To further demonstrate the capability of the EE-GMFCC-CHG in reproducing the solvation energy with DFT exchange-correlation functionals, the electrostatic solvation energies of the 20 different conformations of protein 2I9M are calculated using M06-2× method with the 6-31 G* basis set and shown in Fig. 5. One can see that the relative electrostatic energies evaluated using the EE-GMFCC-CHG agree well with that of the FS QM calculations with RMSD of 1.3 kcal/mol. The calculated electrostatic solvation energies of the 20 different conformations of protein 2I9M at M06-2×/6-31 G* level ranges from −310 to −500 kcal/mol which is a little higher than the results obtained at HF/6-31 G* level, see Table S2 of the Supporting Information.

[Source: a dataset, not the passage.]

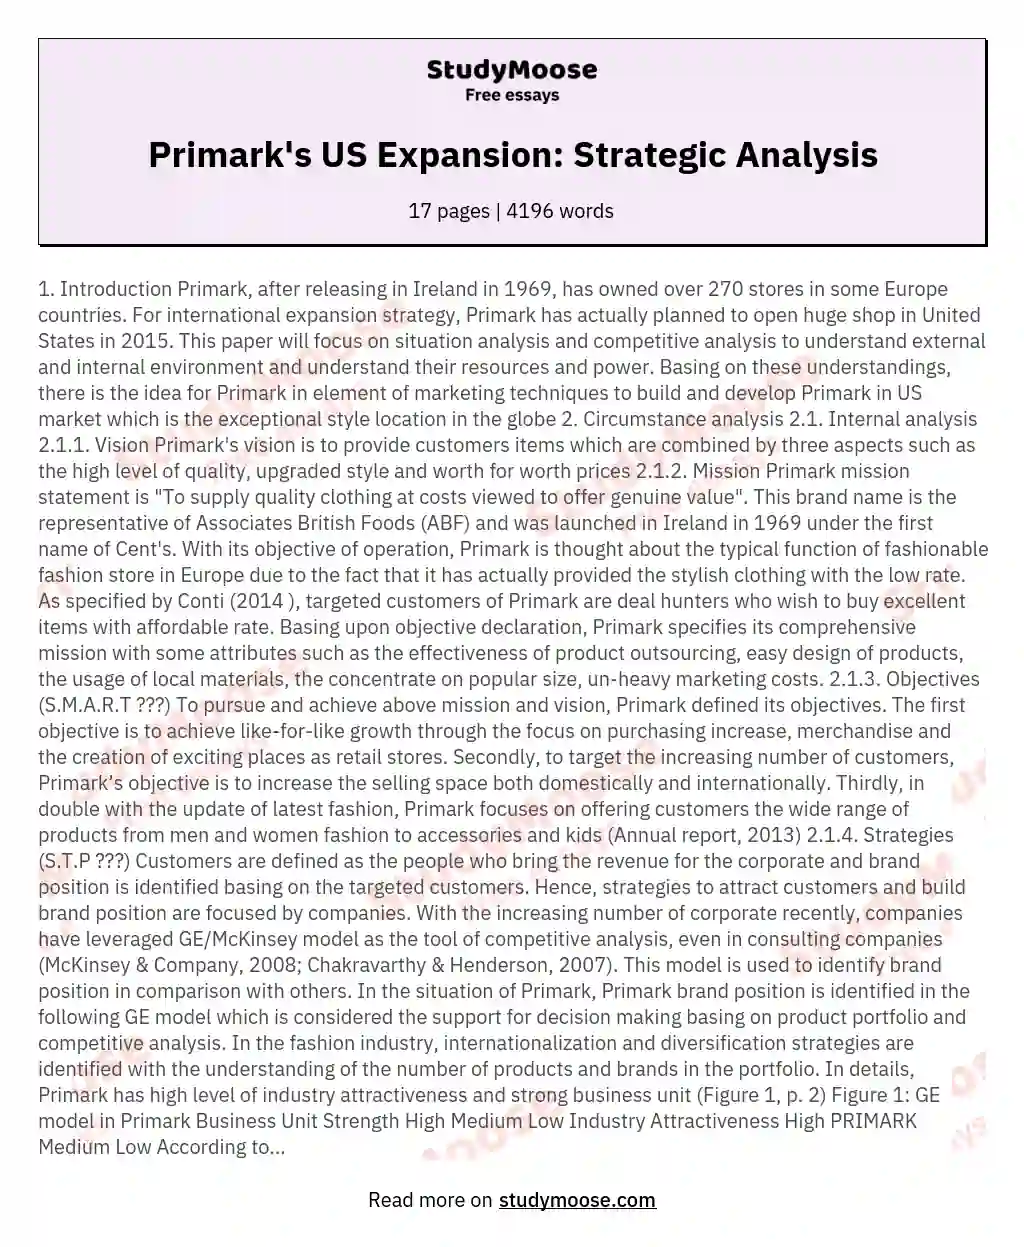 Primark's US Expansion: Strategic Analysis essay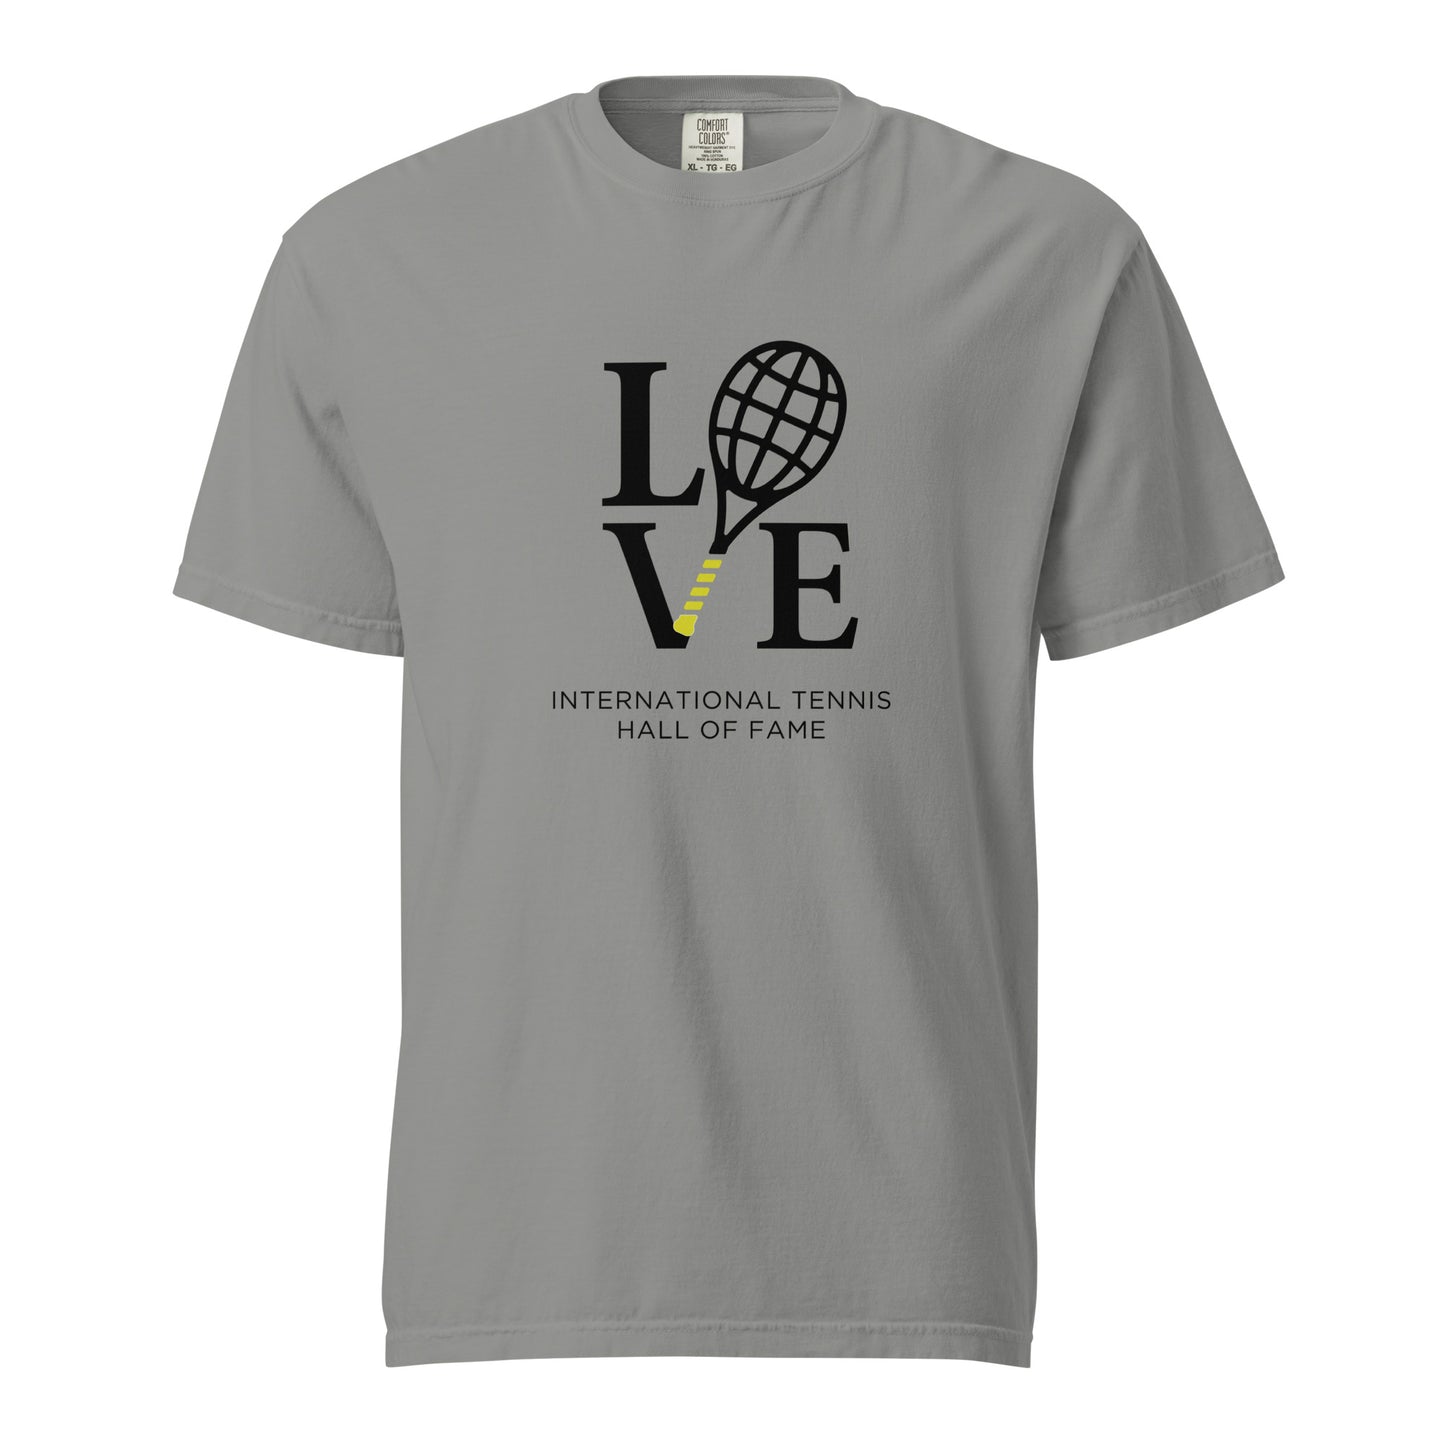 Camiseta ITHF Love

The deviation of calculated absolute electrostatic solvation energy between the EE-GMFCC-CHG and the FS QM calculations is also small which ranges from −0.3 to −4.7 kcal/mol. Similar to the results of the HF method, the electrostatic solvation energies calculated by the EE-GMFCC-CHG with DFT (M06-2×/6-31 G*) method are also all lower than the FS results. The results demonstrate that EE-GMFCC-CHG could reproduce the solvation energy of the protein well with both HF and DFT method.

Figure 5
figure 5

Similar to Fig. 4, but for M06-2×/6-31 G* calculations on 20 conformers of 2I9M.

Conclusions

In this work, we developed a charge model termed EE-GMFCC-CHG for accurately modeling the molecular electrostatic potential of proteins. The EE-GMFCC-CHG is obtained by fitting the ESP calculated from accurate electronic structure calculation of protein. Therefore, it contains almost all quantum effects (the polarization and charge transfer effects) of a specific structure of a protein. The EE-GMFCC method is computationally efficient and linear-scaling. The individual QM calculations of all fragments can be carried out in parallel. In reproducing MEP of protein, EE-GMFCC-CHG gives an excellent agreement with full system ab initio QM method and shows a significant improvement relative to popular MM force field. By analysis of RMSDs (reference to the full system QM results) of the MEP calculated from the EE-GMFCC-CHG with different two-body distance threshold \(\,{\rm{\lambda }}\), we have shown that accounting for the polarization and charge transfer effect over the sequently-neighboring residues is very important for accurately reproducing the ab initio QM electrostatic potential of proteins, following by the quantum mechanical two-body effects between the non-neighboring residues in close contact.

By combining the EE-GMFCC-CHG with the implicit water model based on the PB equation, we developed a quantum chemical method for modeling the solvation effect of proteins. With respect to popular MM force fields, the EE-GMFCC-CHG-PB method could take the polarization effect between solute and solvent into consideration by iteratively introducing protein surface induced charges in the fitting process and therefore it shows a significant improvement in the description of electrostatic solvation energetics of proteins. The error of EE-GMFCC-CHG in modeling relative/absolute electrostatic solvation energies of protein is very small with reference to the full system QM calculation. The EE-GMFCC-CHG-PB method will thus be a useful tool for modeling electrostatic solvation energetics of solvated proteins.